In other words, nothing to do with Beverly Hills, or body builders, or cavemen is anywhere near this thing. So I read it. In so doing, I discovered the coolest "diet" ever—actually an improved lifestyle—that I officially kicked off in August. The DASH book had me calculate my healthy body weight and wanted me to lose about 20 pounds (I'm aiming for 32 by April, though). It helped me calculate that I need to eat roughly 2,000 calories a day of the right stuff in appropriate serving sizes to lose about a pound a week safely.
And here's the kicker: I don't have to give up anything I love, including bread and pasta. They need to be whole-grain, which we already tried to do, and no pigging out on either. The diet is a healthy mix of vegetables, fruits, low-fat dairy and whole grains. We already don't eat junk food, and I gave up the sodas I grew up drinking years ago and usually choose unsweet tea, although I put some natural sugar in my morning coffee.
At the office, I'll have a small sliver of birthday or King cake and fill up with a handful of carrots or apple slices. I've found that if it's on my desk, I'll snack on it, including cut-up fruit or walnuts. (Try the unsweetened dried mango at Rainbow Co-op for a perfect afternoon sweet, for instance).

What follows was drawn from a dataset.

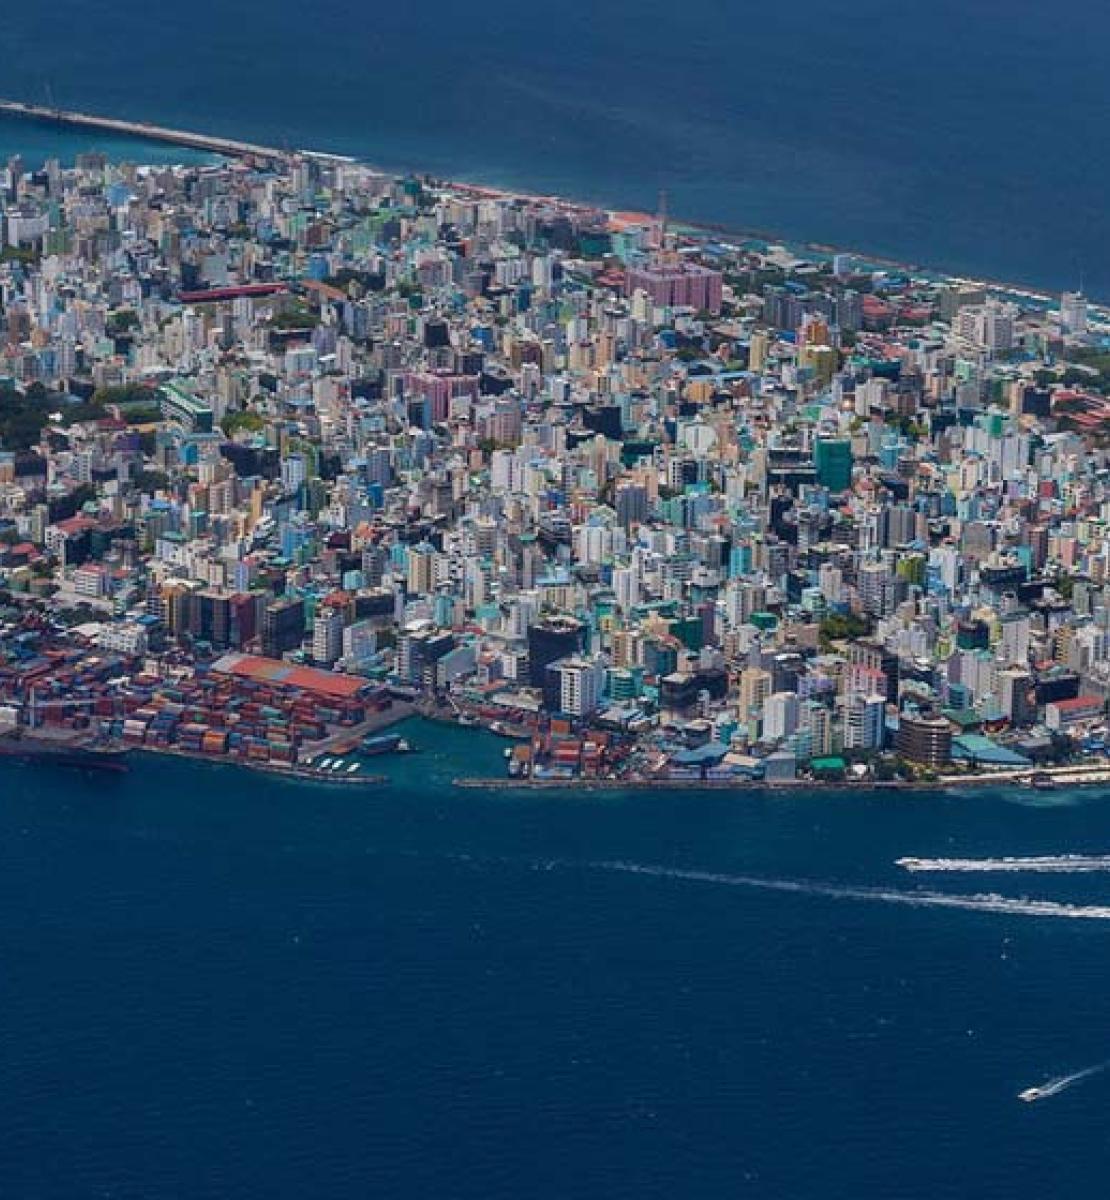 منظر جوي لماليه، عاصمة جزر المالديف.
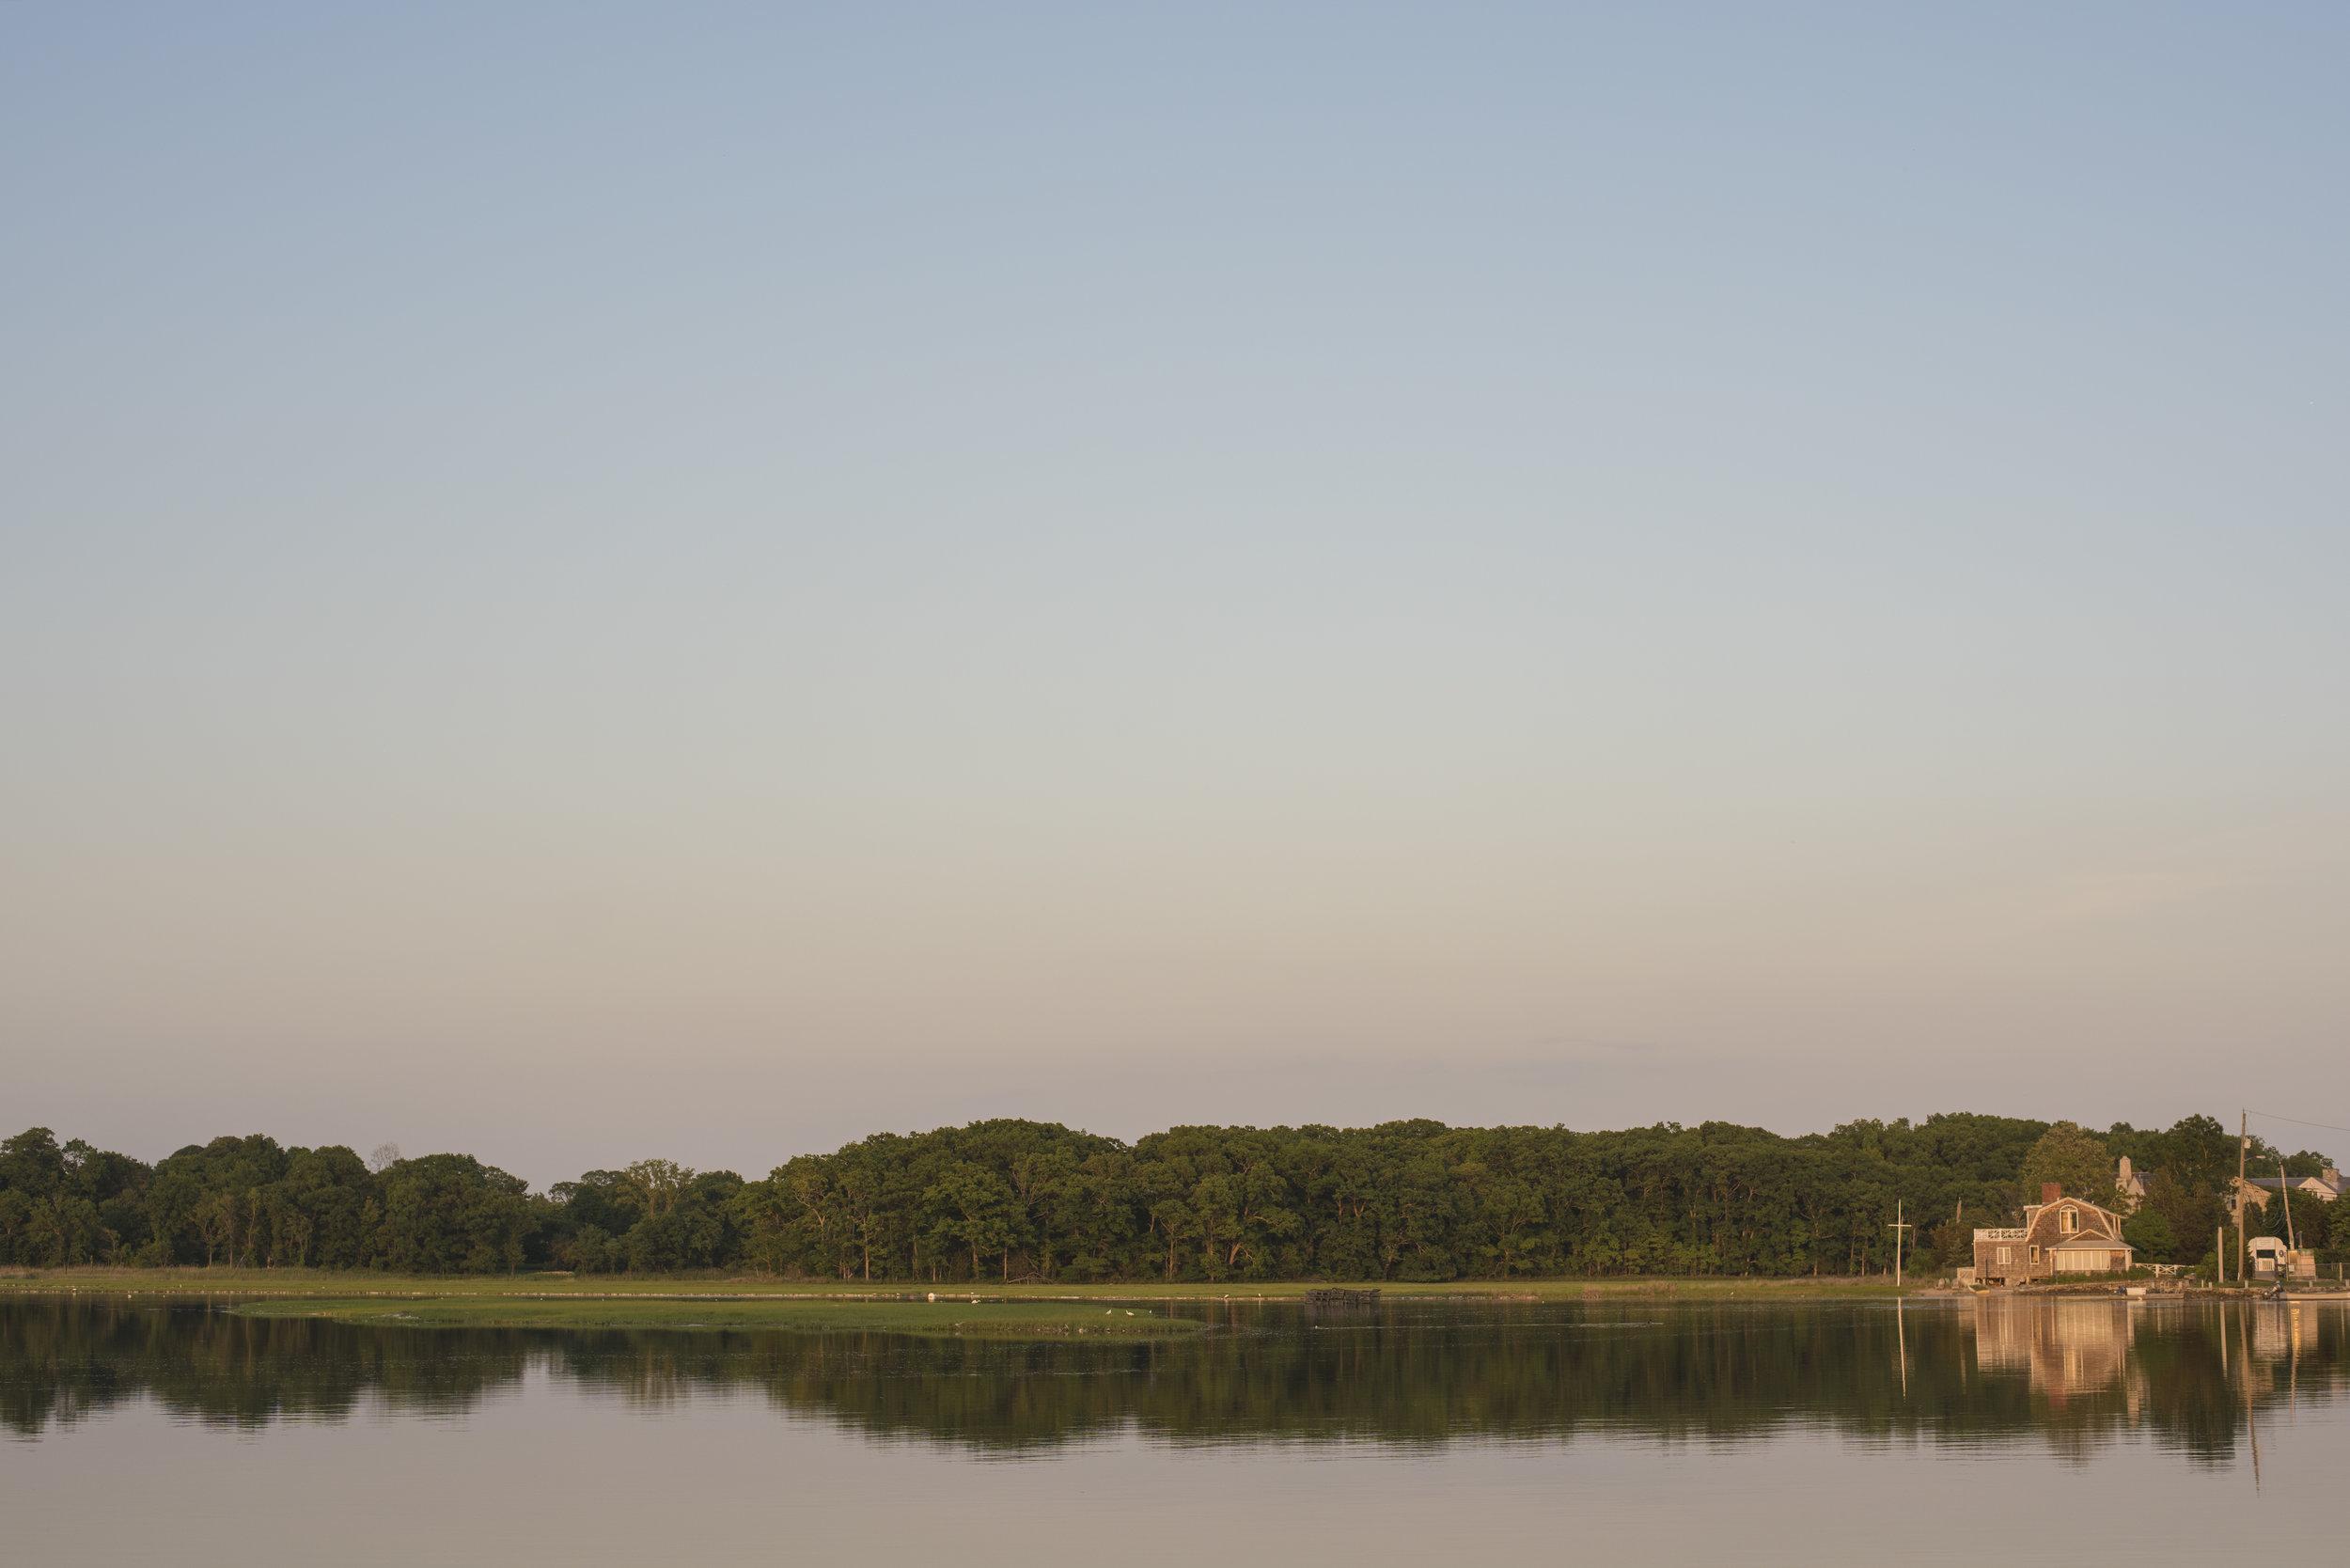 dusk-on-the-water2_42652381062_o.jpg

Important for me: I don't have to count calories—seriously, life is too short. DASH helps you figure out how many servings of different groups you need—and a balance of all of it is needed; no fruit-only diet here. For the first couple weeks, I filled in a daily chart showing how many servings of each group I'd had. After that, I had it memorized and stopped using the chart.
On the no-frills DASH diet, I have given up nothing that matters to me; cutting back sodium has been the hardest, because it's in so much more than just the saltshaker. But our tastes—Todd is doing it, too, which is good because he cooks dinner—have adjusted to less salt. And I can have some salt.
Also, we're vegetarian—fine under DASH, which also works for meat eaters. The hardest part is when I travel and end up in places with salt-heavy and overly fatty food options. We also limit any alcohol consumption—beer for him and wine for me—to the weekends, which is great for daily happiness and our moods as well.
I bought a cool Chevron-patterned mirrored scale that measures by tenths of pounds and get on it as soon as I get up, and then log my weight in a little notebook (so I can watch the trends). I set mini-goals for the next day, which keeps me from eating a whole slice of King Cake. I now work out twice a week with trainer Lauren Smith at the Deville YMCA and try to do cardio two or three times a week with Todd.
I've lost 22 pounds since August—my exact goal by Jan. 14—and I feel better and more centered than I have in years.
Last weekend, I went through my closet, and nearly everything fits again, or is too big. I have no desire to ever change the way I'm now eating and living. There is nothing to "stop" and much more than weight to lose if I do.
Read "The Dash Diet for Weight Loss" by Thomas J. Moore, MD (Free Press, 2012, $26) for the how and the just-published "The DASH Diet Younger You" by Marla Heller (Grand Central, 2014, $26) for inspiration and more recipes.